• _Provided material_
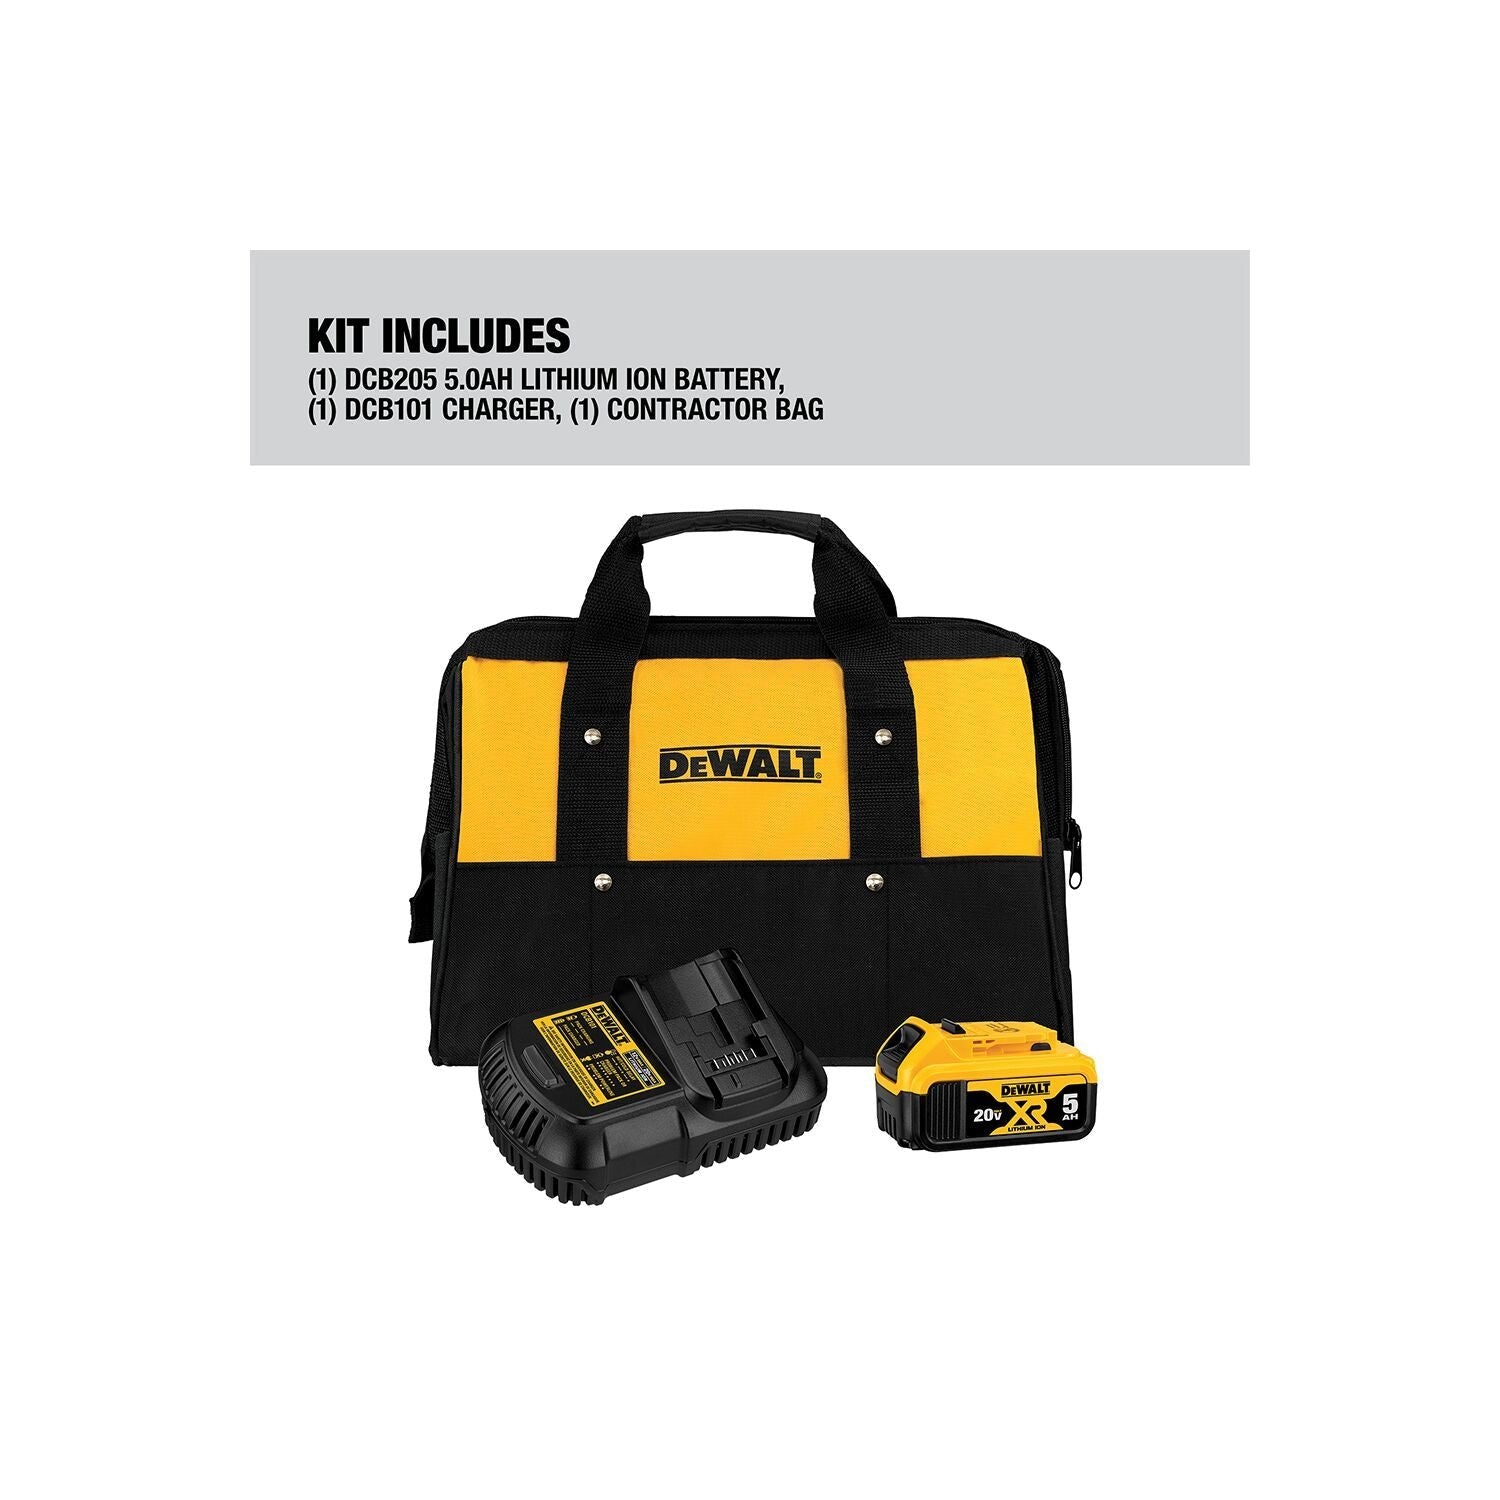 DEWALT DCB205CK 20V MAX* 5.0Ah Battery Charger Kit with Bag
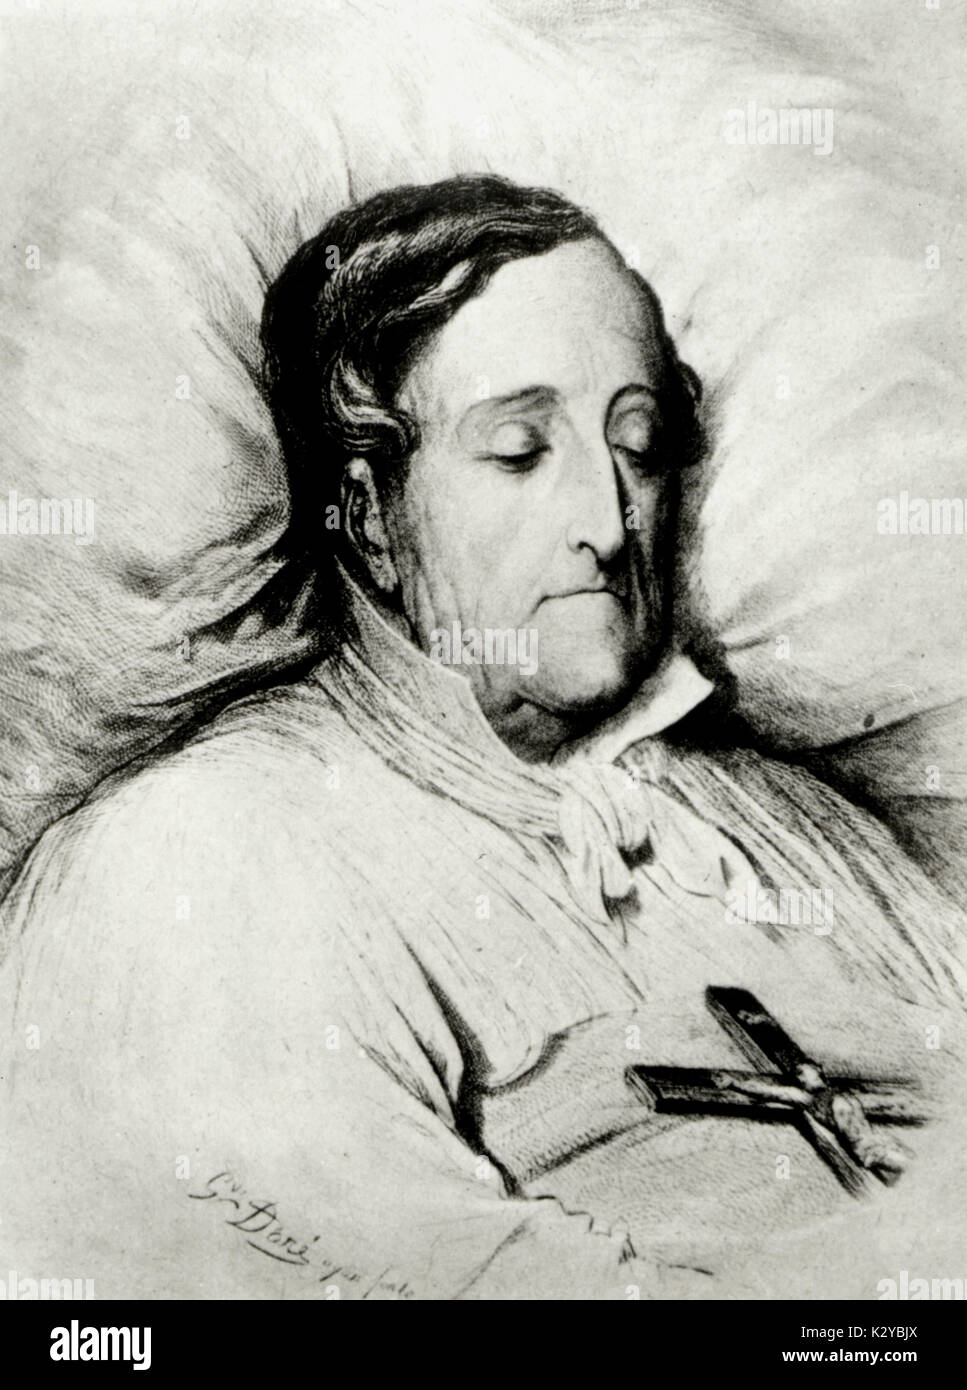 ROSSINI, en su lecho de muerte por Gustav Doré compositor italiano (1792-1868) Foto de stock
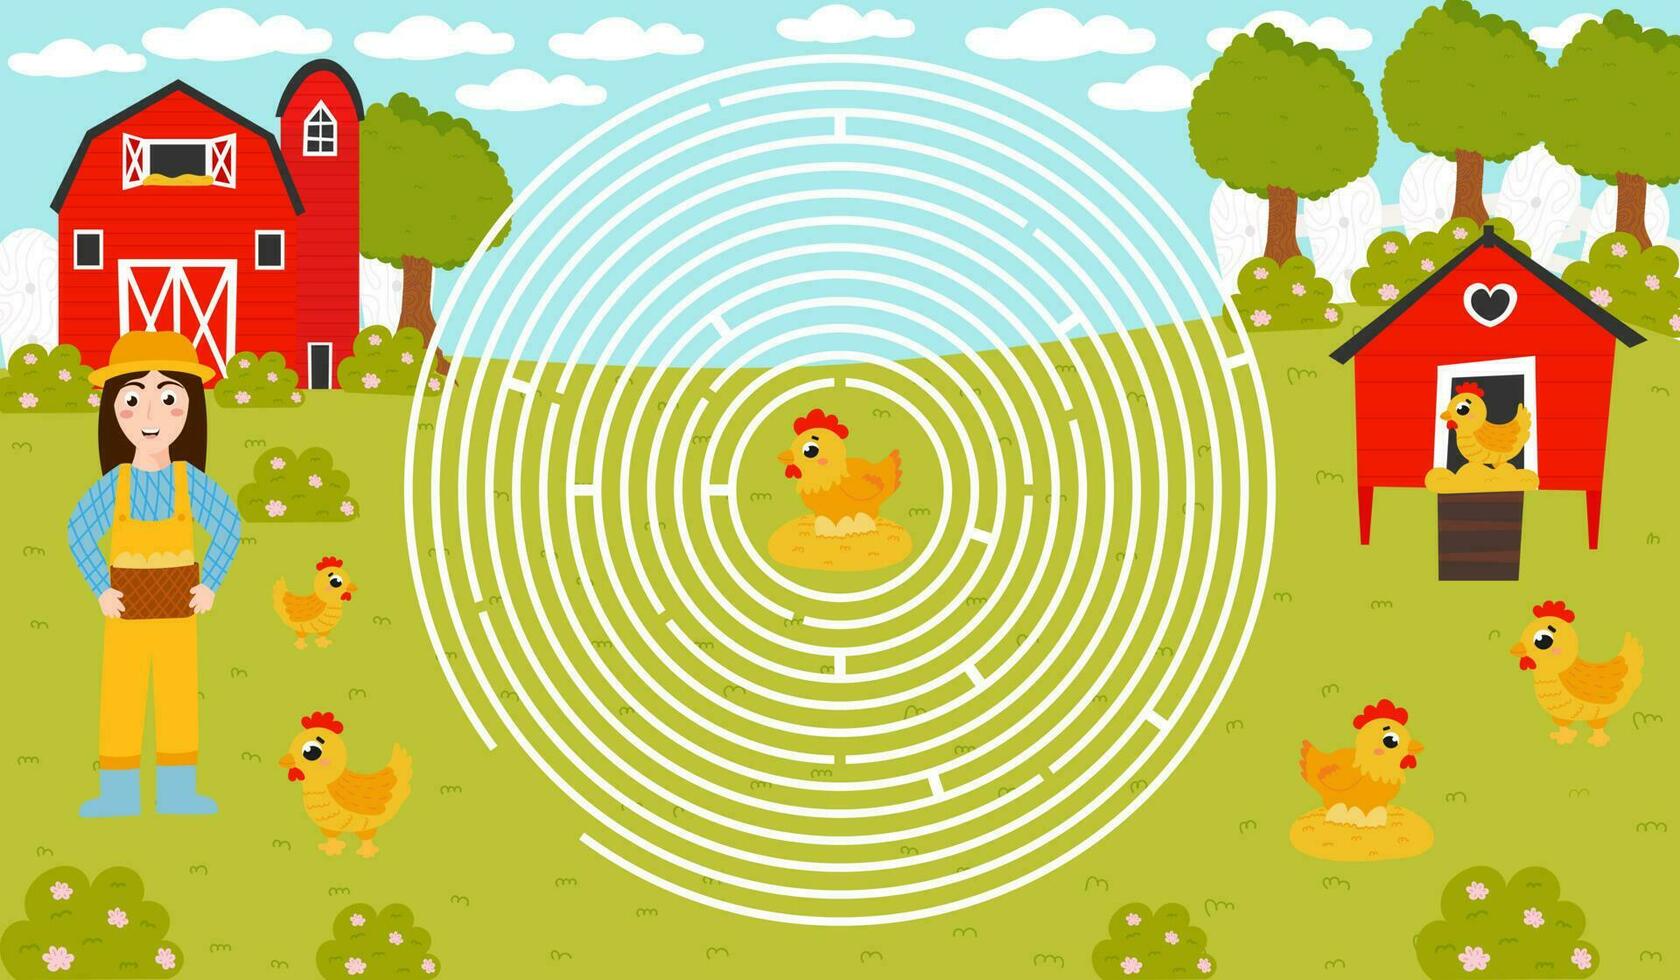 imprimível círculo Labirinto para crianças com menina segurando cesta com ovos, Socorro para encontrar certo caminho para galinha, agricultura temático labirinto para crianças dentro desenho animado estilo vetor

• _Work instructions_
Only the pictures are to be omitted; restate everything else above exactly.

• _Response to the exercise_
 DEWALT DCB205CK 20V MAX* 5.0Ah Battery Charger Kit with Bag
 ROSSINI, en su lecho de muerte por Gustav Doré compositor italiano (1792-1868) Foto de stock
 imprimível círculo Labirinto para crianças com menina segurando cesta com ovos, Socorro para encontrar certo caminho para galinha, agricultura temático labirinto para crianças dentro desenho animado estilo vetor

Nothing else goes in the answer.